The Dimension Order Routing algorithm is based on the Min Hop
algorithm and so uses shortest paths.  Instead of spreading traffic
out across different paths with the same shortest distance, it chooses
among the available shortest paths based on an ordering of dimensions.
Each port must be consistently cabled to represent a hypercube
dimension or a mesh dimension.  Paths are grown from a destination
back to a source using the lowest dimension (port) of available paths
at each step.  This provides the ordering necessary to avoid deadlock.
When there are multiple links between any two switches, they still
represent only one dimension and traffic is balanced across them
unless port equalization is turned off.  In the case of hypercubes,
the same port must be used throughout the fabric to represent the
hypercube dimension and match on both ends of the cable.  In the case
of meshes, the dimension should consistently use the same pair of
ports, one port on one end of the cable, and the other port on the
other end, continuing along the mesh dimension.

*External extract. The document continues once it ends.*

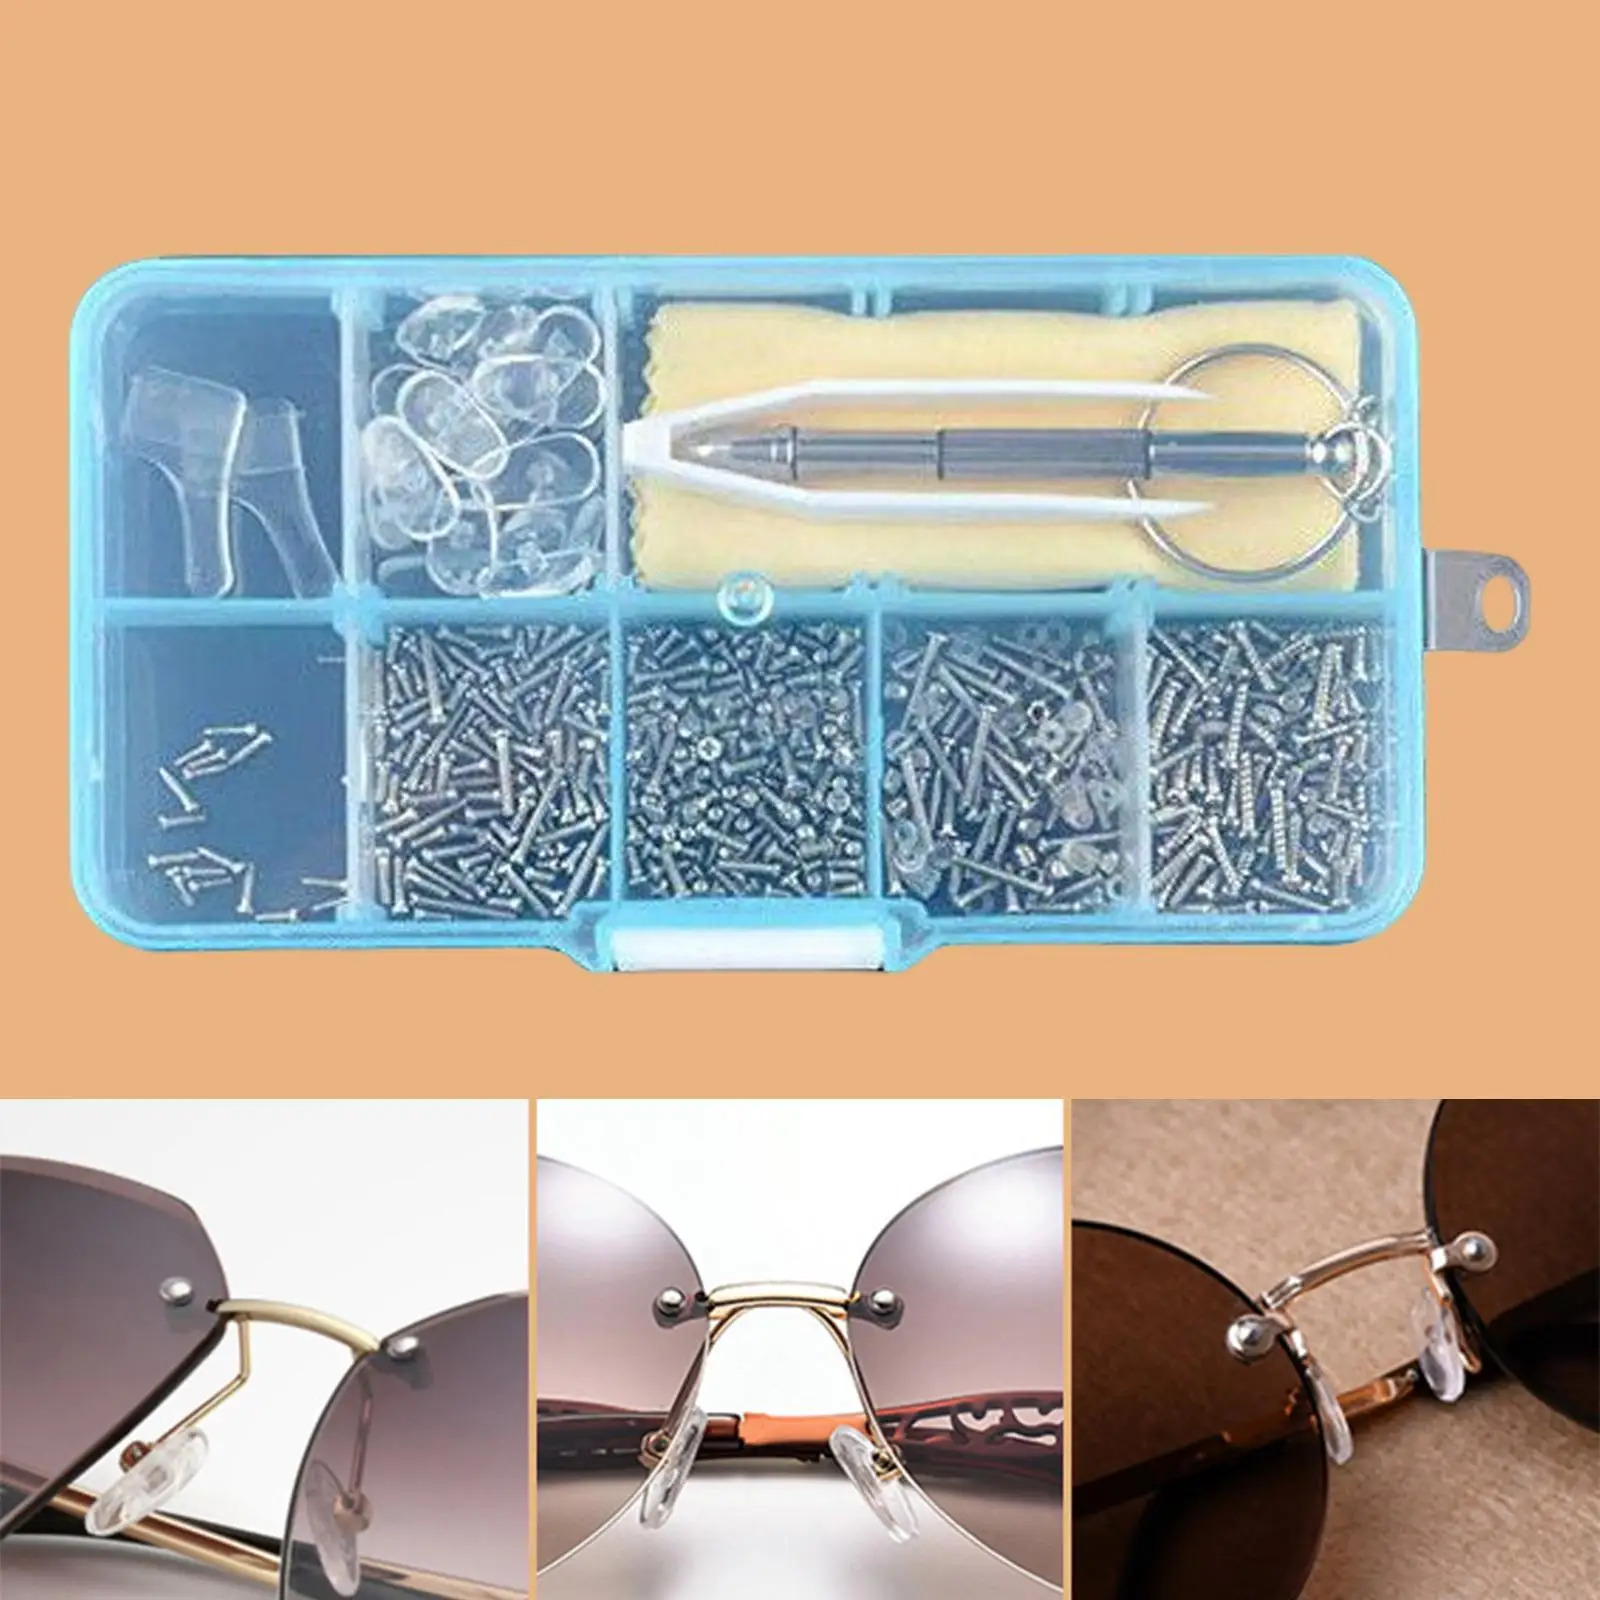 Eyeglass Assortment Repair Tool Set, 500Pcs Screws Hook Tweezers Glasses Cloth Screwdriver Nose Pads Glasses Repair

Signed-off-by: Sasha Khapyorsky <sashak at voltaire.com>
---
 opensm/include/opensm/osm_switch.h |    4 ++++
 opensm/man/opensm.8                |   32 ++++++++++++++++++++++++++++++--
 opensm/opensm/main.c               |    2 +-
 opensm/opensm/osm_dump.c           |   11 ++++++++++-
 opensm/opensm/osm_opensm.c         |    1 +
 opensm/opensm/osm_switch.c         |   15 +++++++++++++++
 opensm/opensm/osm_ucast_mgr.c      |   10 ++++++++--
 7 files changed, 69 insertions(+), 6 deletions(-)

diff --git a/opensm/include/opensm/osm_switch.h b/opensm/include/opensm/osm_switch.h
index e294527..e2fe86d 100644
--- a/opensm/include/opensm/osm_switch.h
+++ b/opensm/include/opensm/osm_switch.h
@@ -958,6 +958,7 @@ osm_switch_recommend_path(IN const osm_switch_t * const p_sw,
 			  IN osm_port_t * p_port,
 			  IN const uint16_t lid_ho,
 			  IN const boolean_t ignore_existing,
+			  IN const boolean_t dor,
 			  IN OUT uint64_t * remote_sys_guids,
 			  IN OUT uint16_t * p_num_used_sys,
 			  IN OUT uint64_t * remote_node_guids,
@@ -980,6 +981,9 @@ osm_switch_recommend_path(IN const osm_switch_t * const p_sw,
 *		If false, the switch will choose an existing route if one
 *		exists, otherwise will choose the optimal route.
 *
+*	dor
+*		[in] If TRUE, Dimension Order Routing will be done.
+*
 *	remote_sys_guids
 *		[in out] The array of remote system guids already used to
 *		route the other lids of the same target port (if LMC > 0).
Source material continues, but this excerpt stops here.